**Exercise prompt**. From the entries below, reproduce exactly the lines from the one with "南アフリカのアパルトヘイト博物館の入り口の写真" through the one with "La Dehesa Residencial", both included, without images.

**Material for the task**.
- - - - -
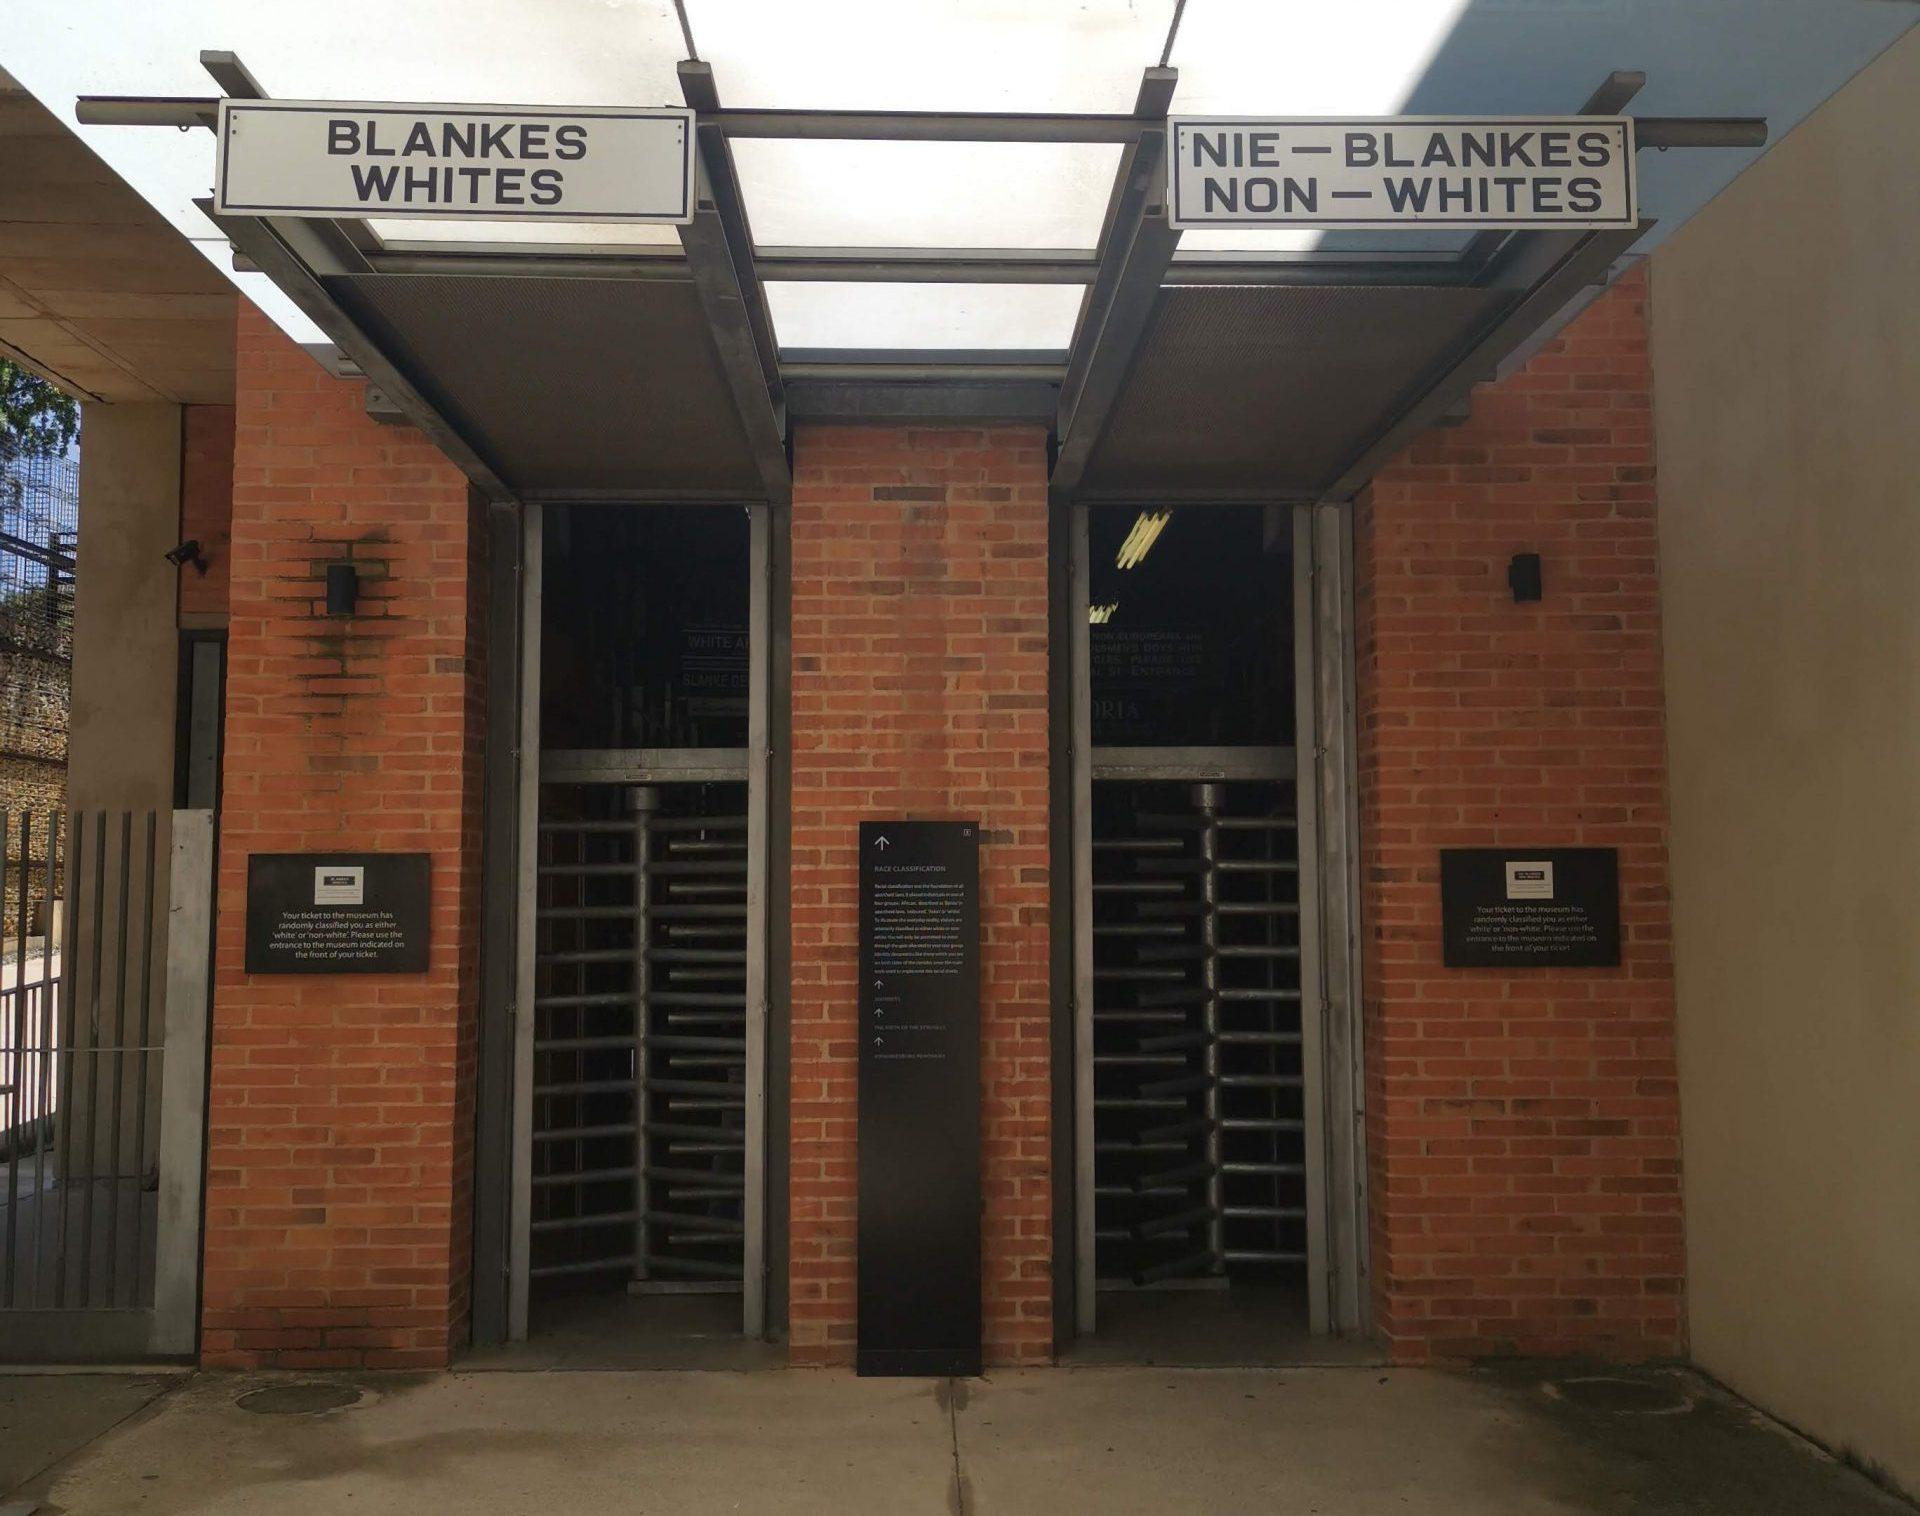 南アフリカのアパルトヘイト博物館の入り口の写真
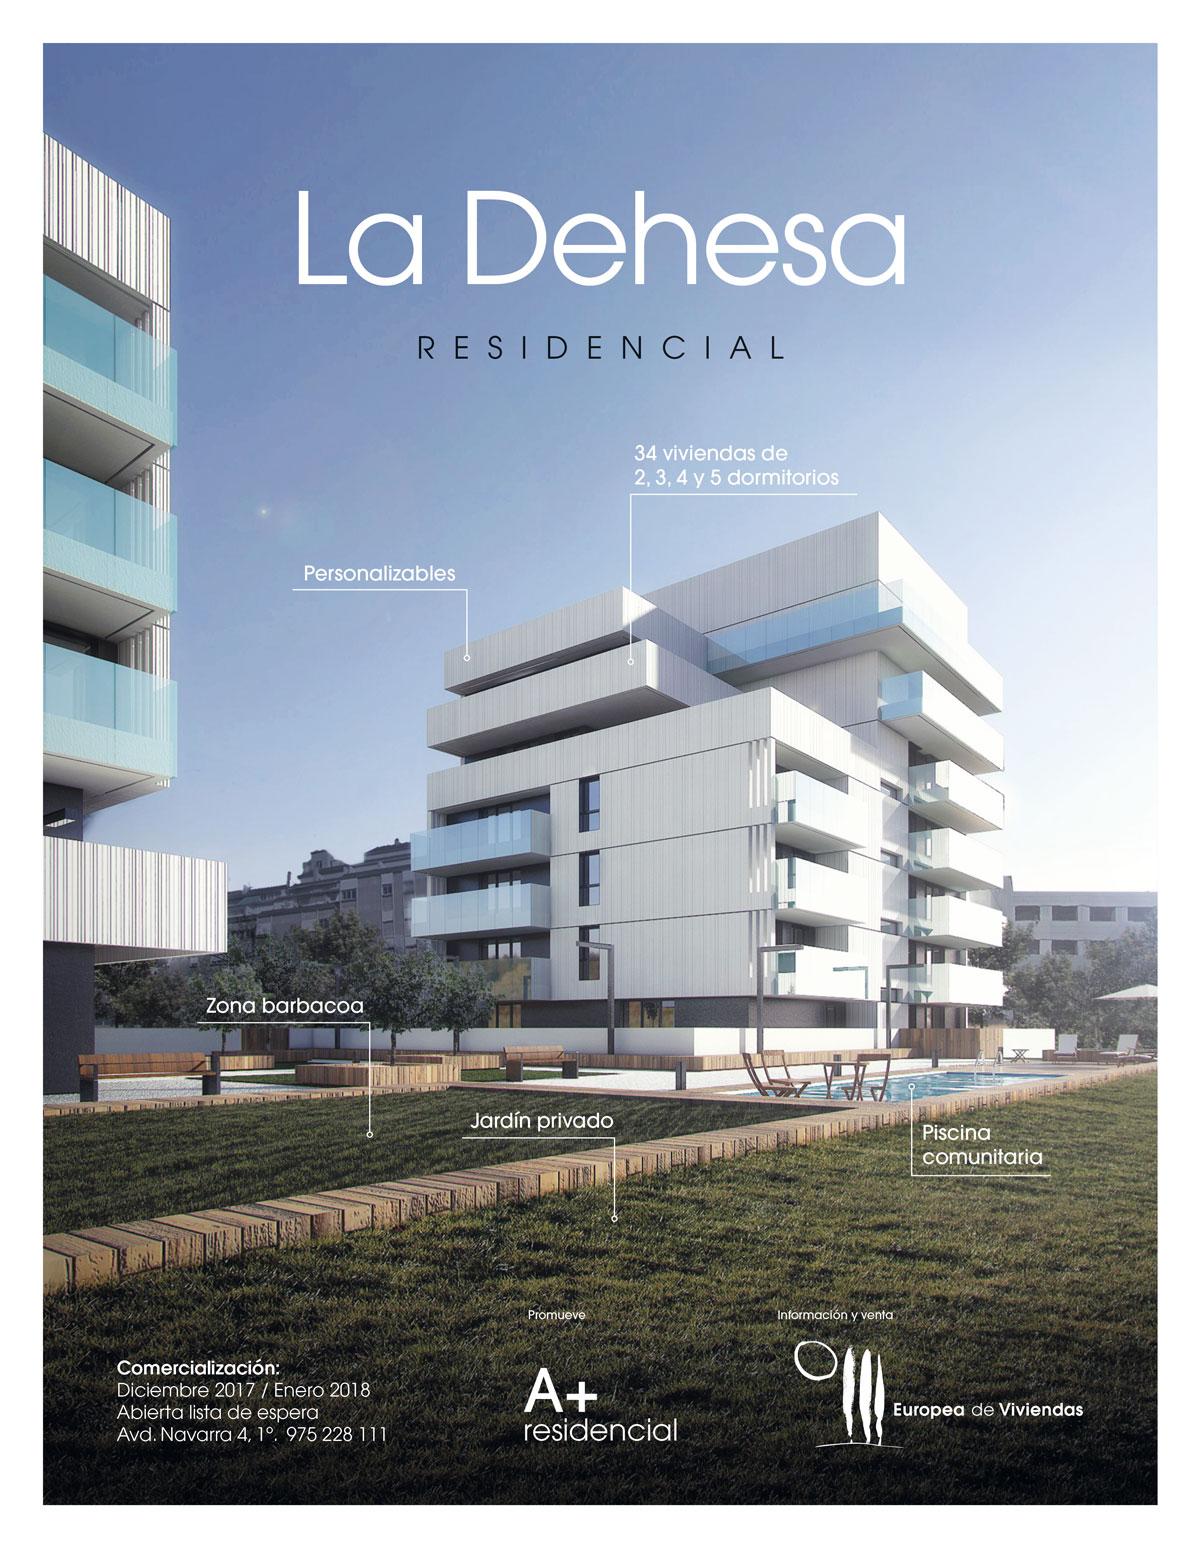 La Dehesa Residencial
- - - - -
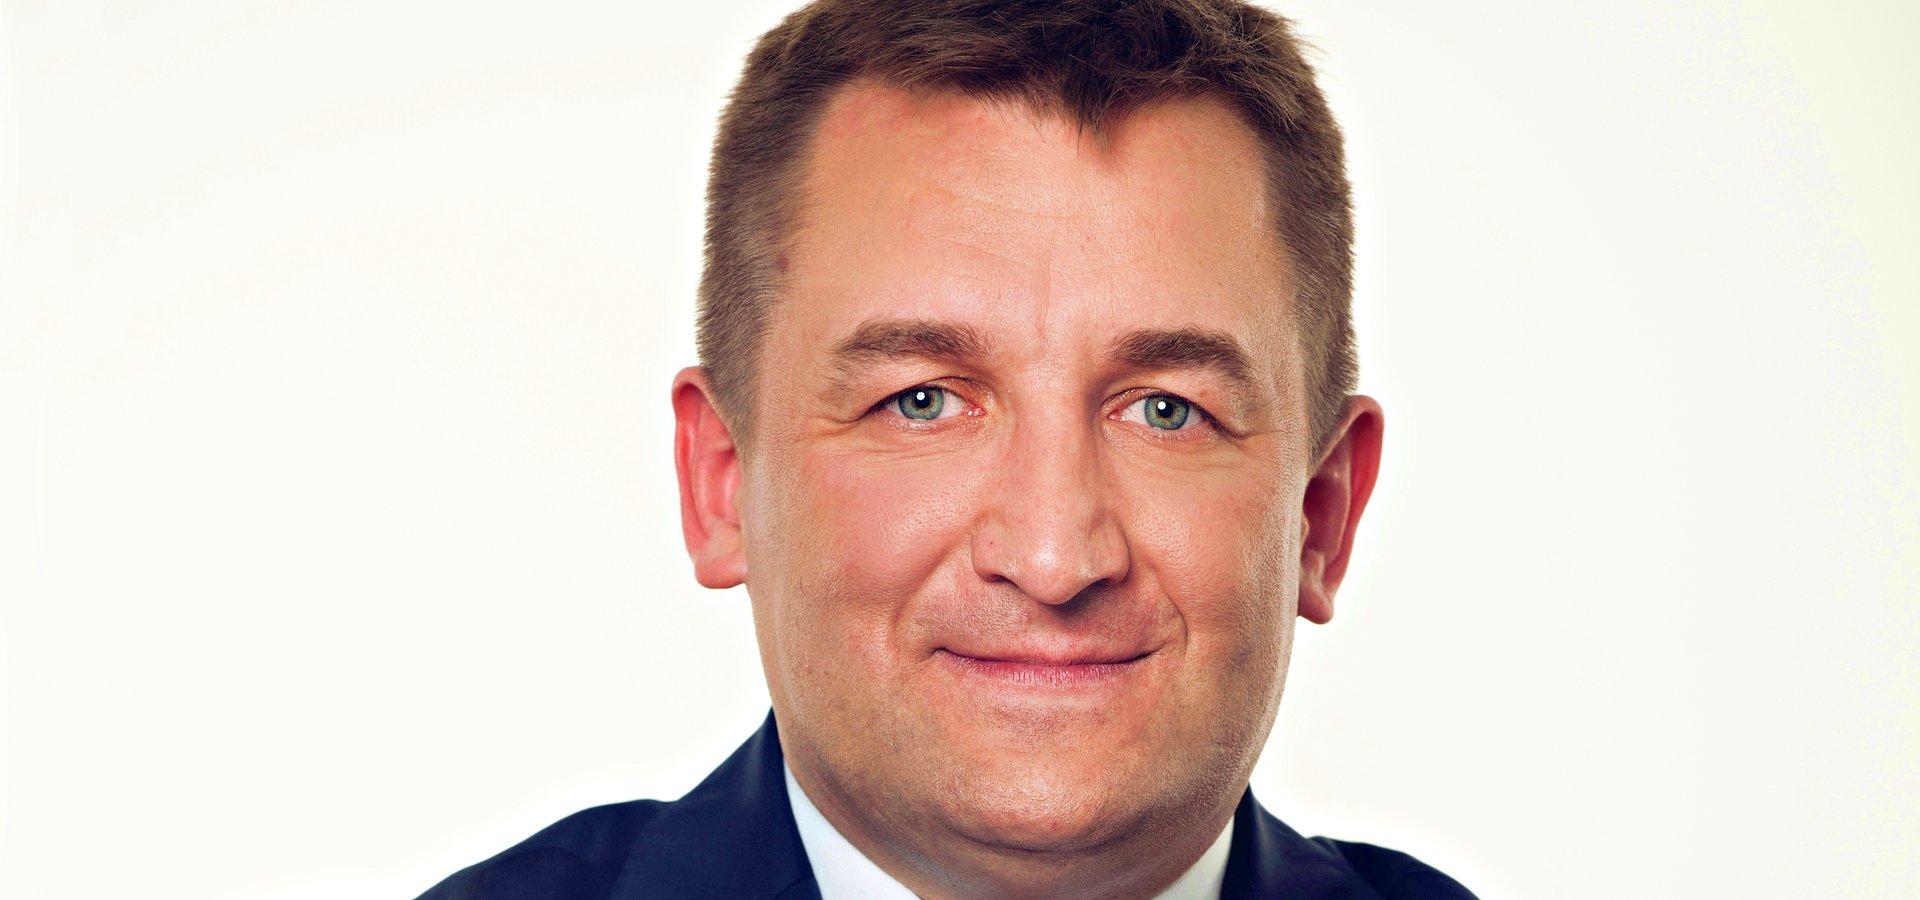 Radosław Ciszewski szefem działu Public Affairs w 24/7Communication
- - - - -
**Result for this exercise**.
 南アフリカのアパルトヘイト博物館の入り口の写真
 La Dehesa Residencial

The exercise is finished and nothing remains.